Now drag racing IS significantly more consistent than magazine tests. This is their business – consistency
. How does simulation account for this? You simply need more accurate physical tests to determine the best set of input parameters. As well you will likely need an improved simulation tool; specifically an improved friction/tire spinning/tire growth model than available in CarTest. However, the same basic numerical integration scheme based on torque and gears and drag will still work beautifully. Once these and oher SYSTEMATIC ERRORS are reduced guess what? One will be able to get a nice match between these very consistent tests and a simulation. As good as you might get it though your previous claim about 1/100th second is still a farse and a pipe dream.
What else have I said about simulation?
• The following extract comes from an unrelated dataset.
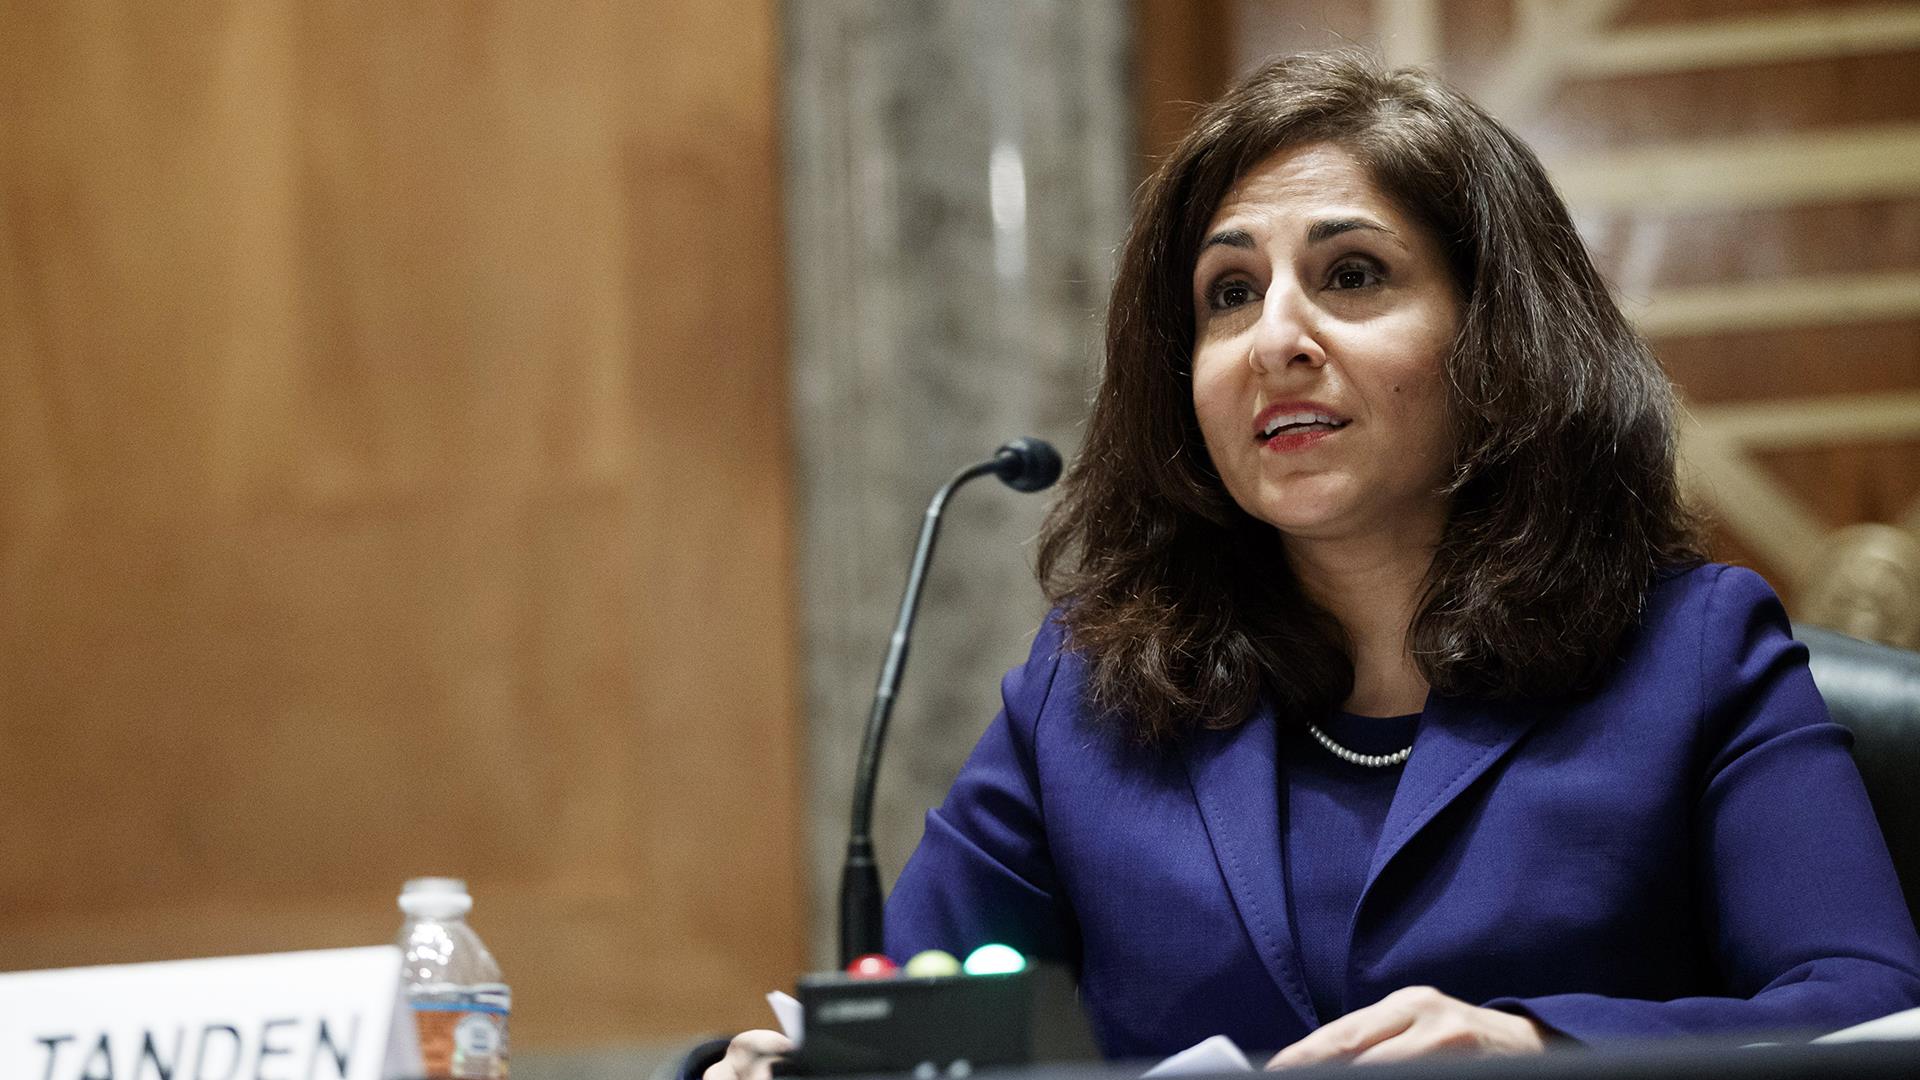 The US administration has appointed Indian-American Neera Tanden as a senior adviser to President Joe Biden at White House.

Simulation is almost always better at relative predictions compared to absolutes. For instance what change would I see if my M3 had 30 more hp or what is the difference between the M3 and RS4 in a given performance contest.
The whole new car vs. old car thing is so simple I don’t even feel it warrants a reply but here you go. A broken in car will typically produce more power than a new car. If you can measure that effect on an accurate ENGINE dyno and put the results into the simulation guess what – you could predict these differences, again, “reasonably”.
I also disagree with your closing PS. A high redline and gear ratios absolutely have a large impact on vehicle performance both directly and indirectly. Sure, as I have stated and agreed with many on the point, time and time again, the key figure for either track or strip performance is simply power to weight
. But gearing and redline matter as well. Gears provide torque multiplication and they do so in all gears at all times. Larger ratios either gear or final = more torque multiplication = more acceleration, period (with the caveat that indeed the wheels are not spinning). Of course there is a limit to this, there is no such thing as a free lunch, you can’t simply raise and raise the gear ratio endlessly, traction is a limiting factor at lower speeds as well is keeping the engine in its best operating rpm band where is produces high torque lastly there is the limit of having such large ratios that it requires too much shifting. A high redline allows one to stay in a gear longer and maximize time spent accelerating instead of shifting (slowing down) and shifting to the next gear where acceleration will be markedly less. Would you disagree that raising the redline on a car, all other things equal (and assuming it still produces reasonable torque in the increased band) it will make the car accelerate better through the gears? The indirect benefits of a high redline and numerically larger gears is more evident on the track than the strip. Vehicles designed as such are typically low torque, high power, high redline, and light/low intertia drivetrain. All of these add up to a car that can not only accelerate but one that can handle.